Kurcze, nie zdążyłam :(
Rozumiem ze na siowni nie byłaś :?: :?: :?:
AH WRACAJAC DO WZORÓW, TO ROBISZ PRAWDZIWY TATOO :?:
JA JUŻ JEDEN MAM I OD DWÓCH LAT KOMBINUJE ZEBY SKUSIC SIĘ NA JESZCZE JEDEN
Z tych wzorów które przedstawiłas to najbardziej podoba mi się ostatni
Nie byłam wczoraj na siłowni ale i tak miałam duzo ruchu poszłam z pieskiem na spacer do parku .
co do tego tatuazu to raczej tez zrobie sobie ten ostatni bo akurat najbardziej mi pasuje w to miejsce gdzie chcem go zrobić ( musze nim przykryc nieudany tatuaża tak to mma jeszcze na kostce , na krzyzu i na miednicy :) ten bedzie baaardzo duzy ale to dopiero jakos w czewrcu będe go robiła.
Wczoraj farbowałam włosy kompletna masakra !!!! strasznie wyszły ale może jak je ułoże to bedzie lepiej , musze kupic płukanke do włosów ,żeby to az tak brzydko nie wyglądało Mam poprostu żarówe na głowie zamianst blonu!!! porażka!!!! ide zaraz na spacerek a potem na siłownie bo juz dziś sie dobrze czuje :)
Miłego dnia i sukcesów w odchudzaniu :):*:*:*:*
O rany,ale Ty odwazna jestes z takim duzym tatuazem.A gdzie chcesz go miec?
Ja kiedys zastanawialam sie nad jakims malutkim,z tylu plecow,na krzyzu,ale w koncu zrezygnowalam,bo pomyslalam sobie jak sie bede z nim czula za 20lat:)
Ale przeciez kazdy ma inne podejscie i musze przyznac,ze tatuaze na kims mi sie podobaja:)Ale jestes pewna ze takich rozmiarow?
Tez bym optowala za ostatnim.
No i oczywiscie GRATULUJE!!!Super,ze sie udalo ze stazem!
A z farbami do wlosow to czasem cos nie wypali.Ja np uzywam od czasu do czasu zmywalnych szamponow i jakiego bym nie uzyla,to efekt jest miniminimalny.Ogolnie nikt nic nie widzi:)Zastrzelic sie idzie:)

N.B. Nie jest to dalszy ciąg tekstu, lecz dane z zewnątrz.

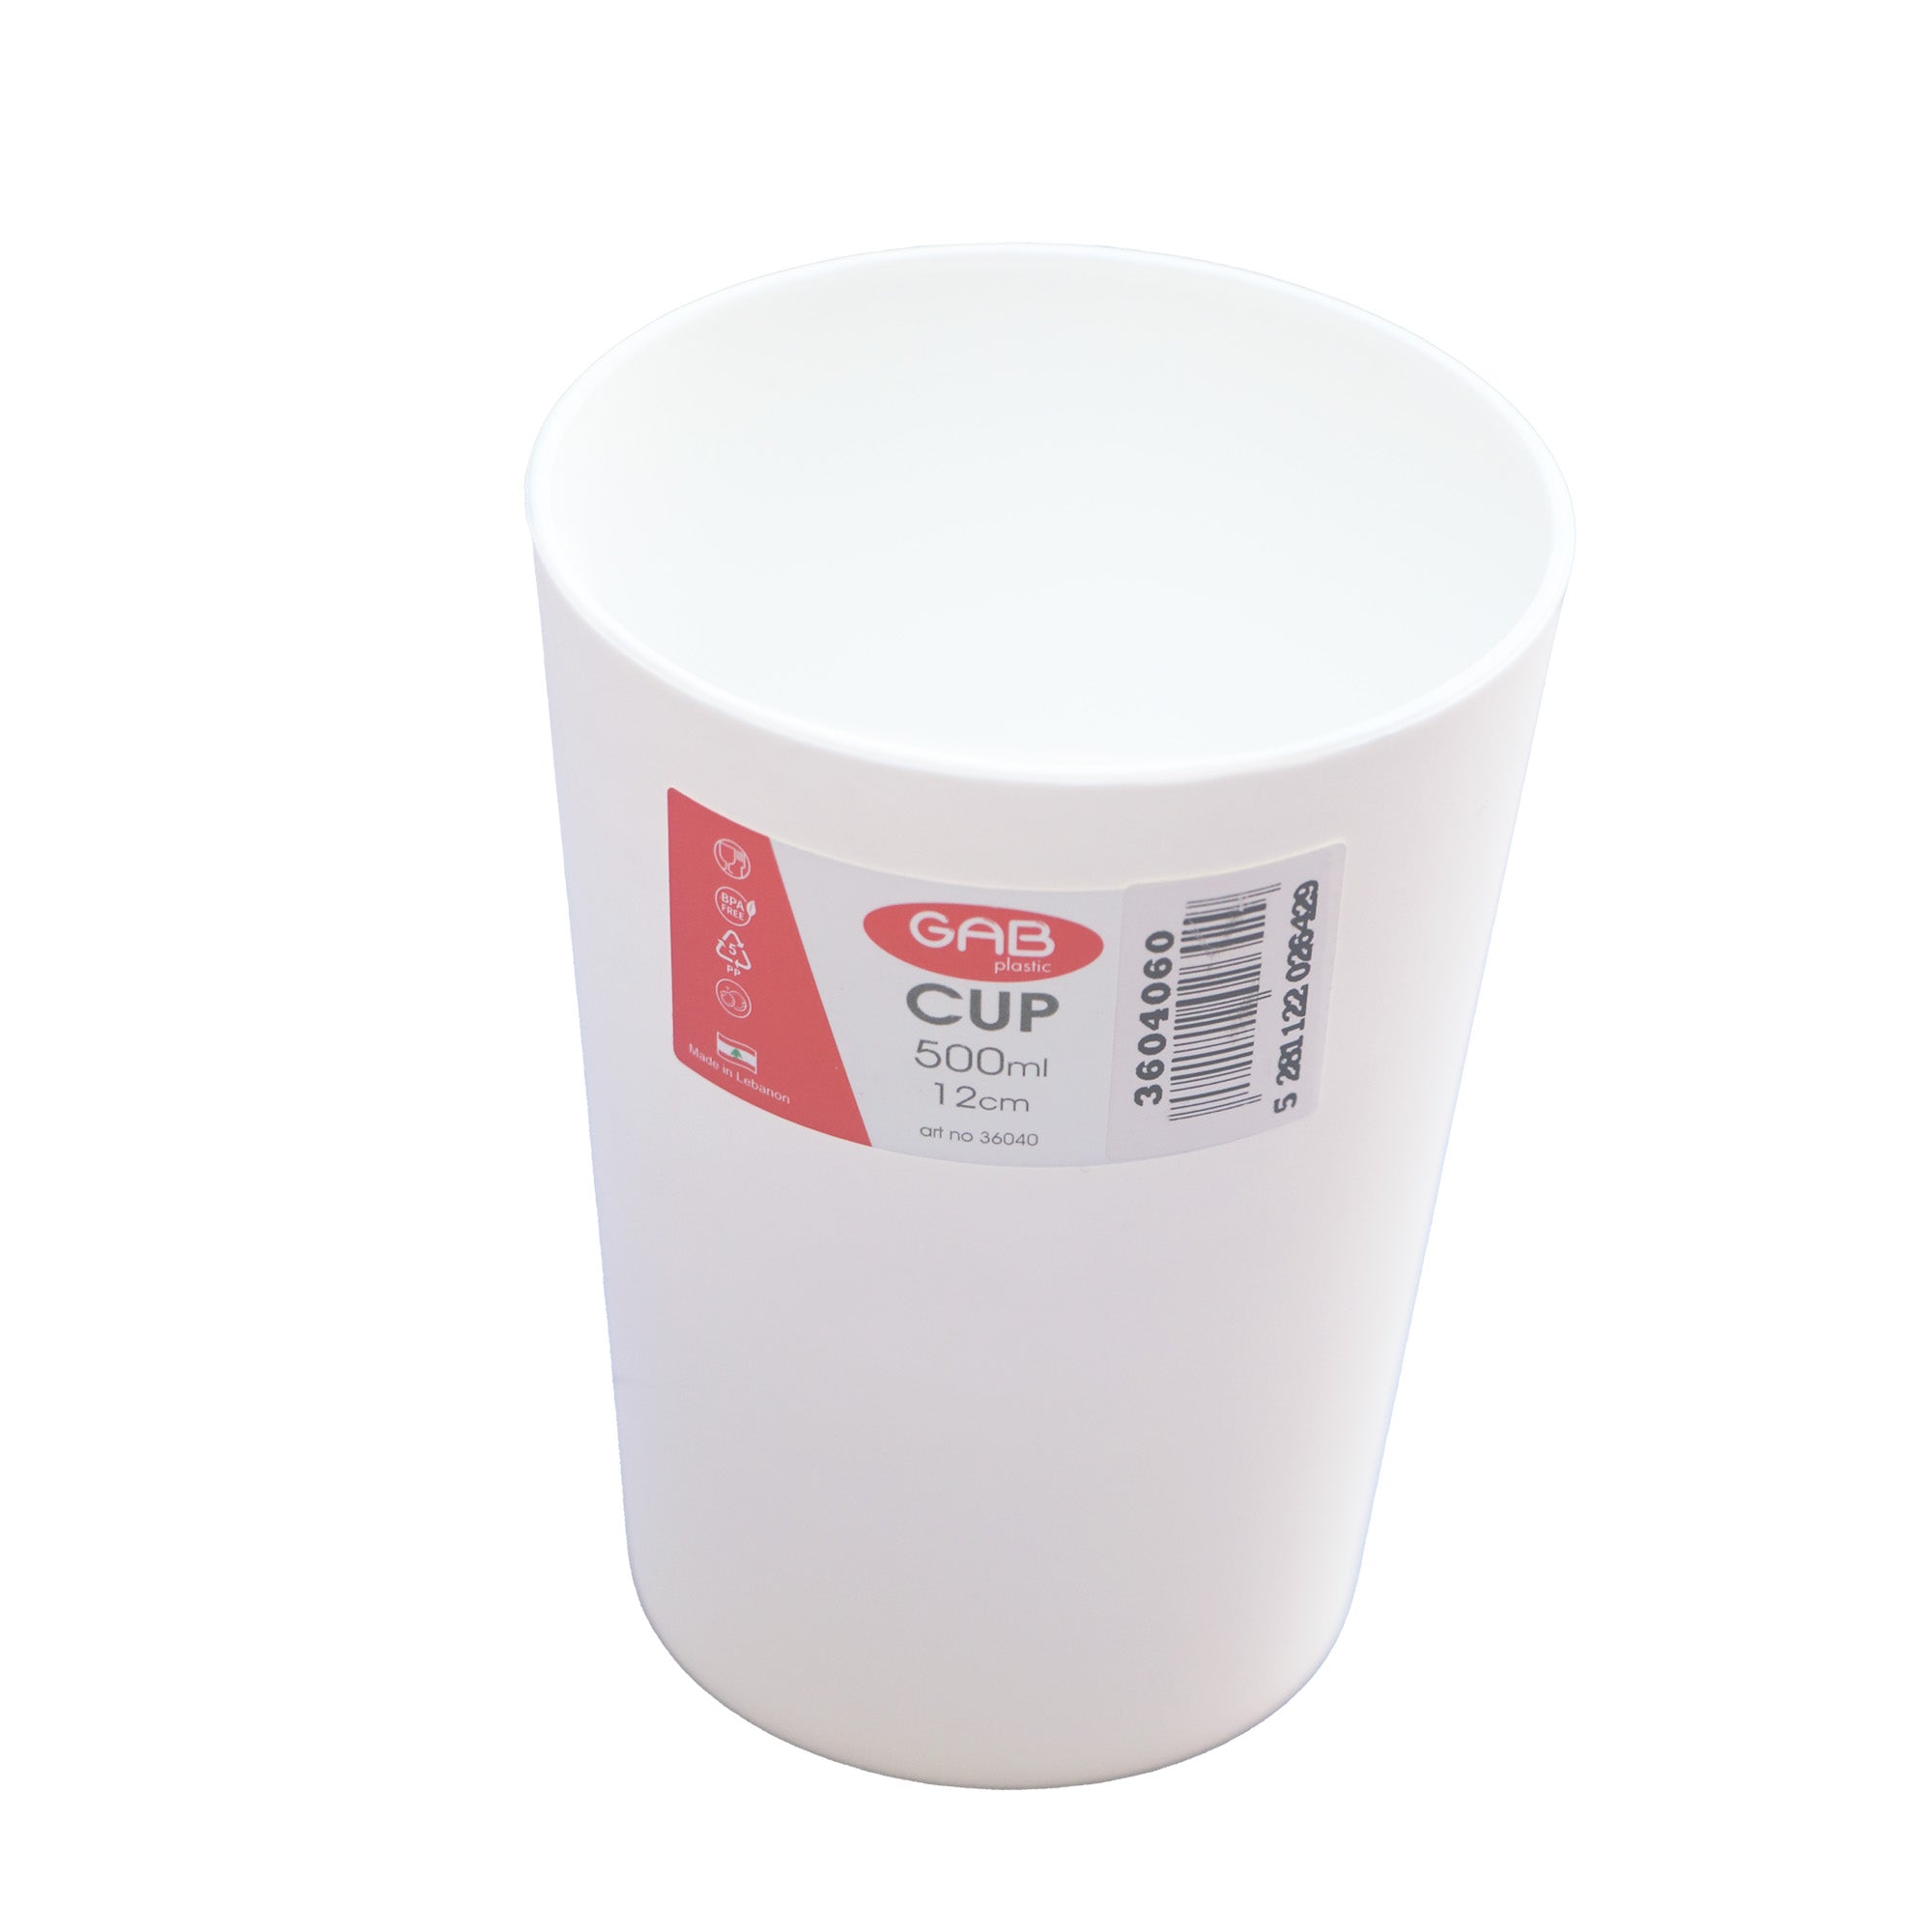 Transparent Reusable Plastic Cups

Tatuąz będe miała na łopatce ,, bedzie troche wchodził na prawe ramie no i na plecy tez .. niestety wczesniejszy tatuaż mi się rozmazał z nie wiem jakich przyczyn i teraz mam tam jedną wielką plame więc musze go zakryć , no i jak dzis sobie przyłozyłam ten wzór to okazał sie za mały i musiałam go troche zmodyfikowac .. i zamiast 3 kwiatków bedzie 5 zaraz zeskanuje i pokaże wam jak to bedzie mniej wiecej wyglądało:)Na nie zbyt ładnie rozjasnione włosy to płukanka srebrna bedzie dobra :) Taka bieda w tym mięscie,że jego połowe musiałam przelecieć zeby ją dostać( bez podtekstów wiem ,że to głupio napisałam :D:D:)
TaK TO BEDZIE WYGLĄDAŁO
http://img249.imageshack.us/img249/4365/imgjp1.jpg
A jednak był mi ten jeden dzień bez siłowni potrzebny bo w końcu nie boli mnie głowa , nie jestem śpiąca i mam dobry humor a tak to cały czas złu humor miałam mote wam sie pochwalić ,że nadrobiłam wczorajszy treninga przez 48 minut na steperze spaliłam 747 kcal i nadal żyje więc czuje się zrogrzeszona :) Jestem tak dumna z siebie ,że siedze i"ciesze się do monitora":D:D:D:D
Iguana, GRATULUJE!!!
Super, że sie udalo ze stazem!
Widzę, ze ładnie dietkujesz, więc nie mam czym się martwić :wink:
Fajny pomysła z tym miejscem :arrow: na łopatce z wejsciem na plecy
Ja mam podobnie, na kosci ogonowej z wejściem na jeden pośladek (ale tak delikatnie)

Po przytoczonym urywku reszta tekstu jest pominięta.